7 Provinsi Ini Minim Belanja, Tim Bersama Diterjunkan
loading...
A
A
A
JAKARTA - Kementerian Dalam Negeri (Kemendagri) bersama Kementerian Keuangan (Kemenkeu) menerjunkan tim dari Direktorat Jenderal (Ditjen) Bina Keuangan Daerah Kemendagri dan Ditjen Perimbangan Keuangan Kementerian Keuangan (Kemenkeu) untuk mendorong realisasi belanja di 7 provinsi yang masih rendah.

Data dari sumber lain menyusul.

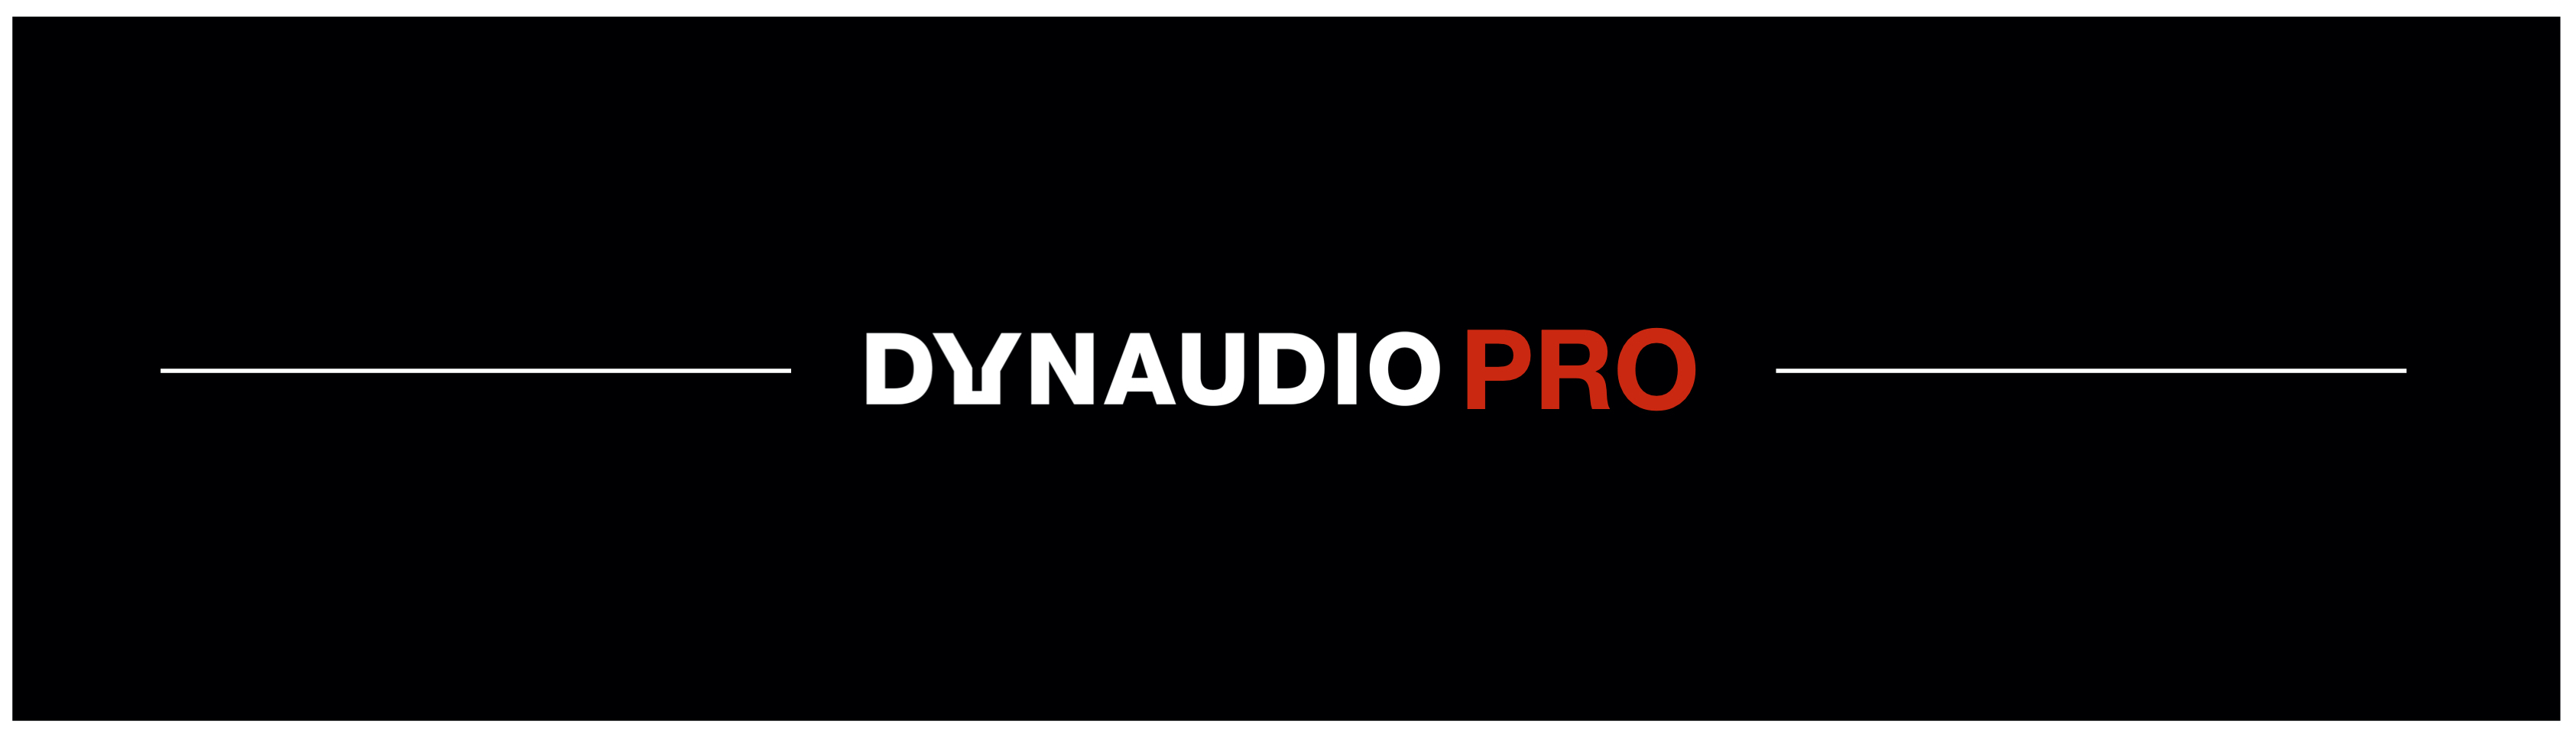 dynaudio-pro-logo.jpg

Adapun daerah-daerah tersebut yakni Provinsi Kalimantan Utara, Aceh, Sumatera Selatan, Kalimantan Barat, Sulawesi Barat, Papua, dan Papua Barat. Pelaksana harian (Plh) Direktur Jenderal (Dirjen) Bina Keuangan Daerah Kemendagri, Agus Fatoni mengatakan, bahwa pihaknya juga melakukan asistensi kepada pemerintah daerah yang masih rendah penyerapannya secara periodik dua minggu sekali.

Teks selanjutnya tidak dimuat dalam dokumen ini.